# INFORMATION:
▬▬▬▬▬▬▬▬▬▬

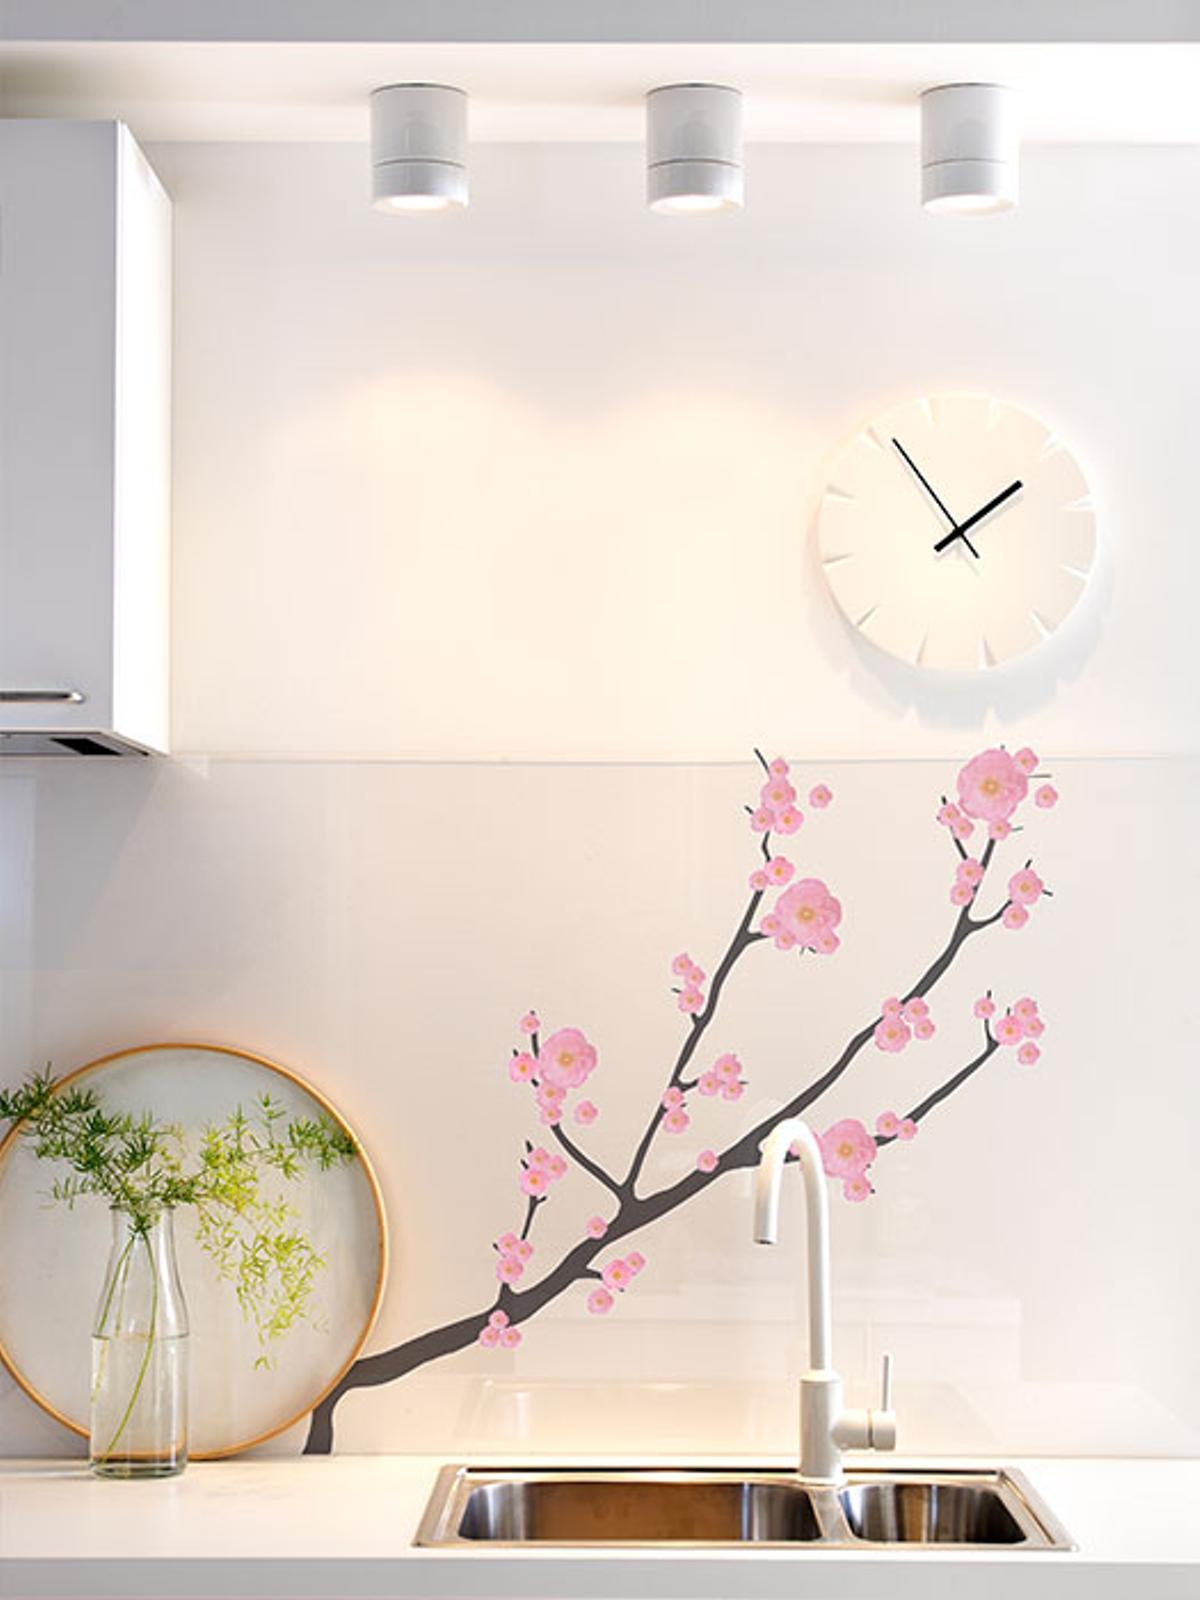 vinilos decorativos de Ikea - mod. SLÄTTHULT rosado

▬▬▬▬▬▬▬▬▬▬

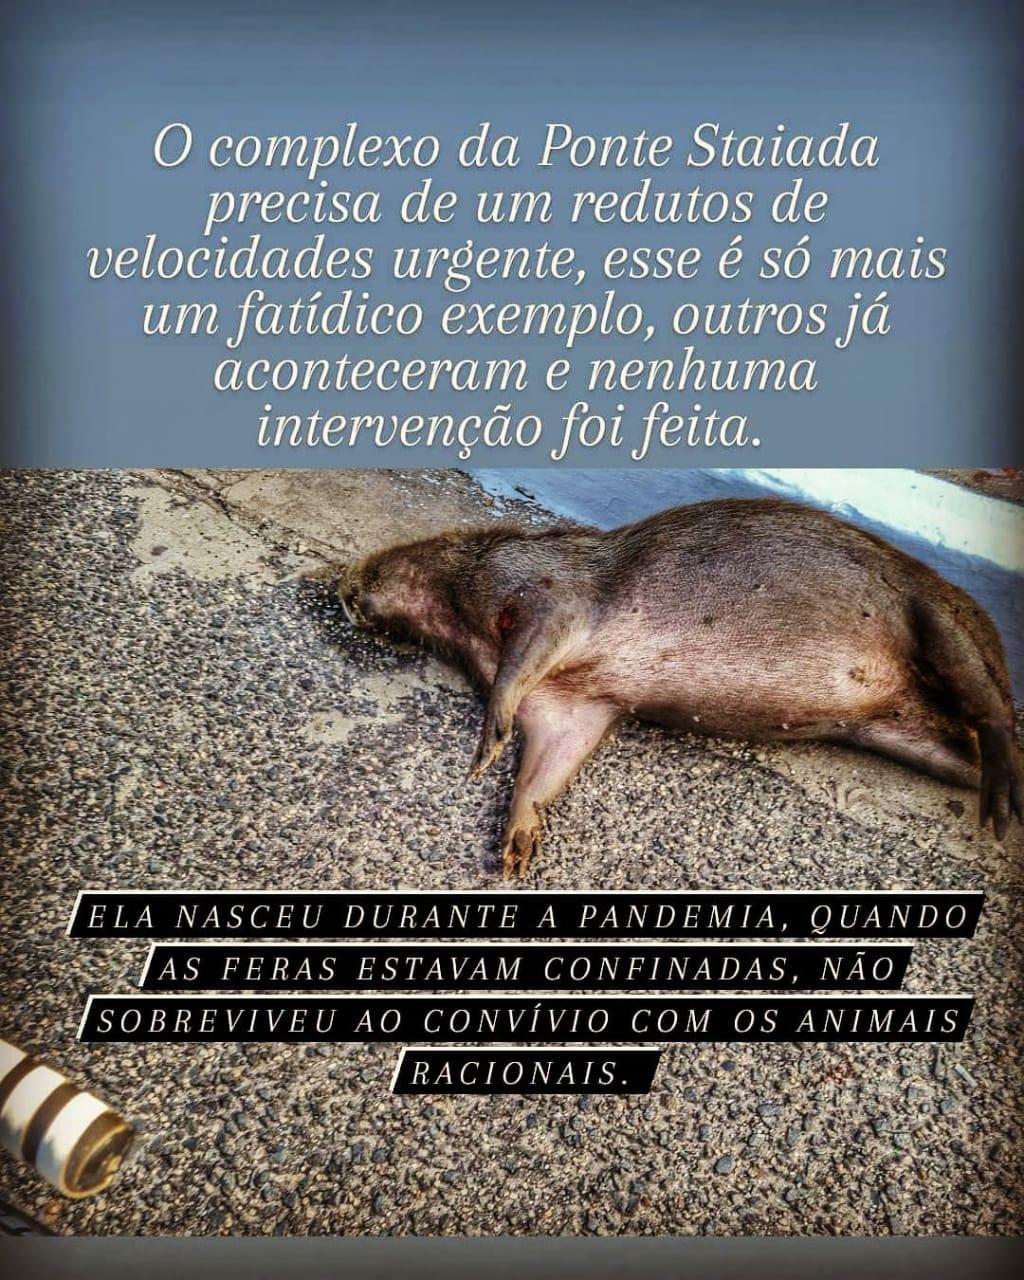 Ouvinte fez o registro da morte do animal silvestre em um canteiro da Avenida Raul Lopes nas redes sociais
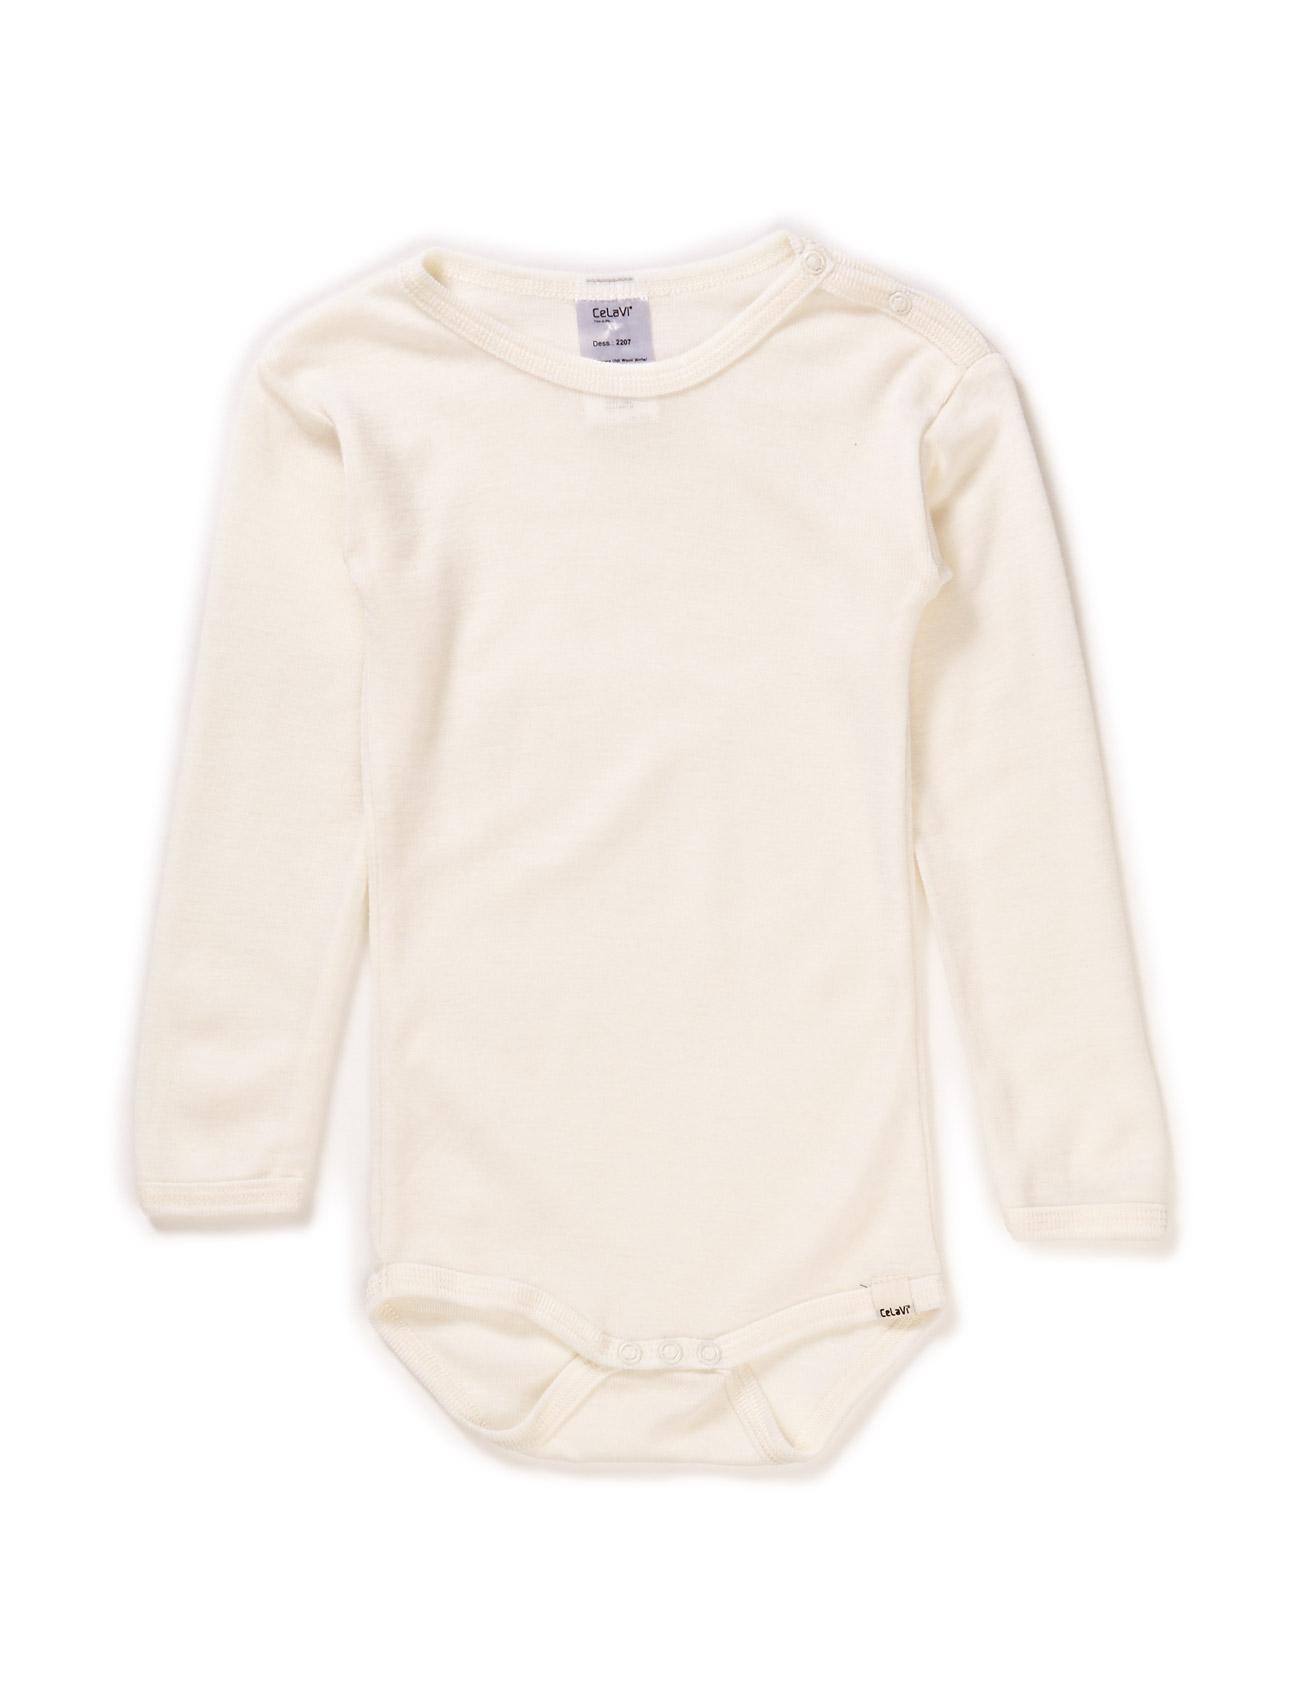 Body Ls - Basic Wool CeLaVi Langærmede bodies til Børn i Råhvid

▬▬▬▬▬▬▬▬▬▬

Restate word for word every line from the one with "Ouvinte fez o" up to and including the one with "Body Ls - Basic" in the records above, minus the pictures.

# RESPONSE BELOW:
 Ouvinte fez o registro da morte do animal silvestre em um canteiro da Avenida Raul Lopes nas redes sociais
 Body Ls - Basic Wool CeLaVi Langærmede bodies til Børn i Råhvid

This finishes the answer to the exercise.